3. KT framework is also being upgraded

Now KT is about to have a new update, which is committed to creating a concurrent model, that is, allowing multiple people to use KT. It will be updated this week.

Of course, according to reliable information, KT concurrency will still become slower and slower as more people use it, but compared to previous versions, KT can be used by more than two people.

4. KT raised the price of the 4090 graphics card

After I joined, I deeply felt that many technical people were paying attention to KT, from AR glasses to brain-computer interfaces. It was precisely for this reason that KT raised the price of 4090, because most people can spend tens of thousands of dollars to get full performance.

When we were buying graphics cards, the supplier mentioned that the price of 4090 graphics cards changes every day, and it is almost the same as the mining time.

KT's model gives many small and medium-sized enterprises the opportunity to deploy their own large models, which will naturally lead to a large number of 4090 models being purchased instead of A100 or H100 graphics cards.

5. Currently, large companies are unable to exert their strength in the application layer of AI

It is now very difficult for product managers who have come from large companies, including those who are currently working in large companies, to make efforts in AI.

The main reason is that large technology companies such as large factories provide AI resources to teams in the form of cloud resources, that is, in the form of APIs, and build unified management similar to data middle platforms.

Coupled with the current very embarrassing input-output ratio (AI is now almost always losing money), it will be difficult for shareholders to unify too much investment, and AI-related projects all require Python language, which is quite embarrassing for previous technology companies because there are almost very few talents in this area.

Therefore, you will find that it is very difficult for product managers of large technology companies to sort out the relevant resources they need, while it is very difficult for traditional software companies.

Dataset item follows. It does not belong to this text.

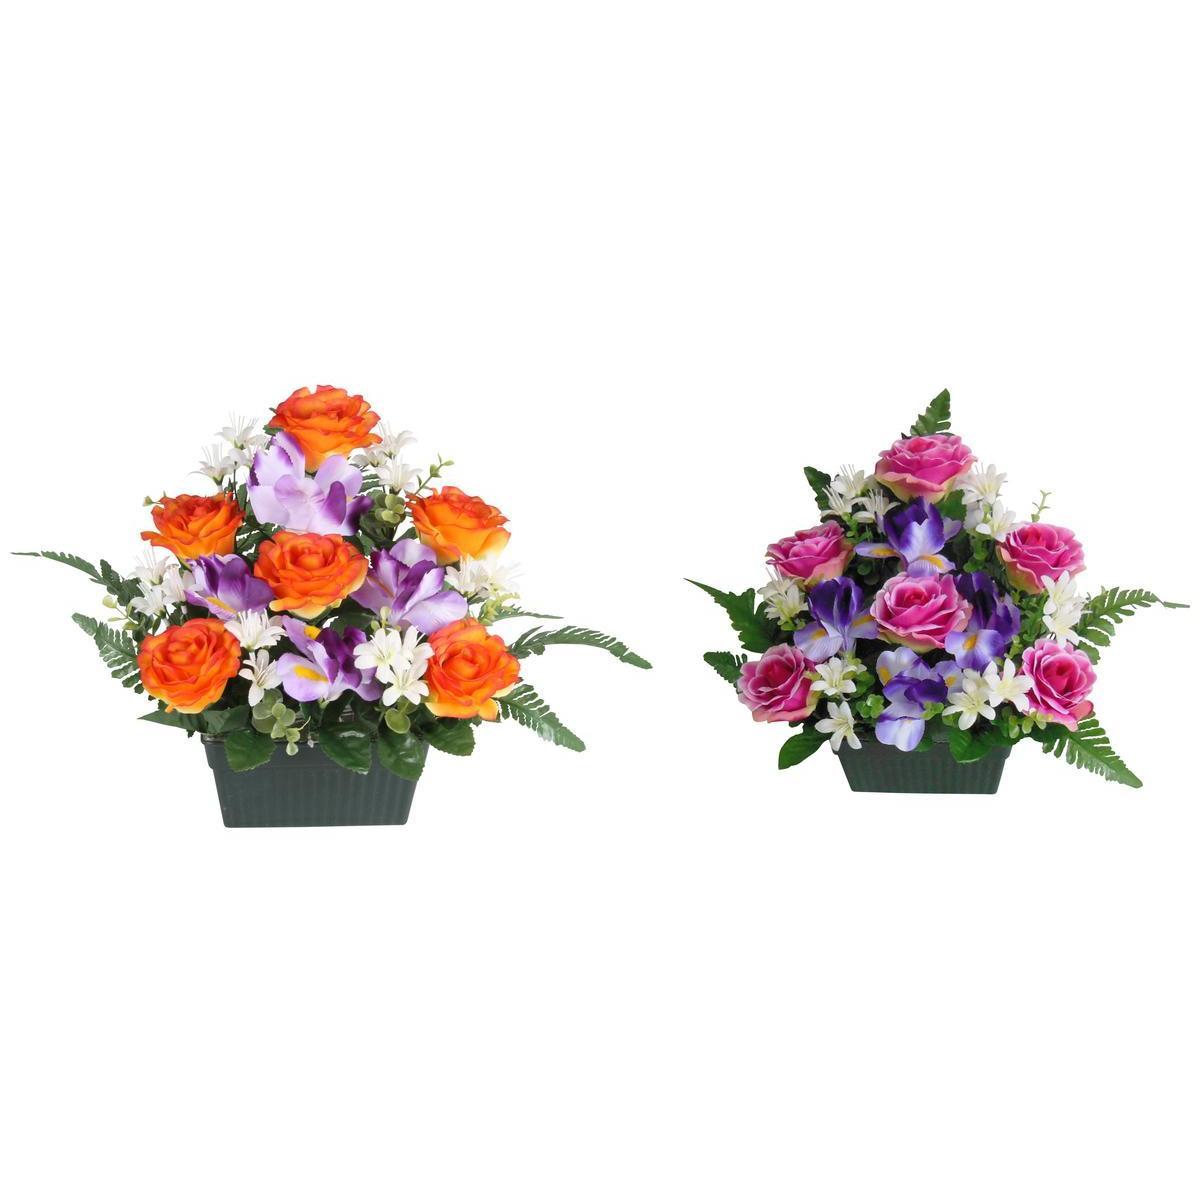 Jardinière de 6 roses et 4 iris - Plastique et polyester - 16 x 10 x H 32 cm - Différents coloris

If you want to call AI resources, they will encourage the use of APIs (because large companies have their own cloud servers). If you really want to do the AI part yourself, you must have an AI computing server to be able to talk about training and algorithms.

Therefore, the development methods of technology companies, including large manufacturers, seem to be out of date in the AI era, because the talent structure and the required hardware resources have undergone fundamental changes.

Okay, that’s all for today’s sharing.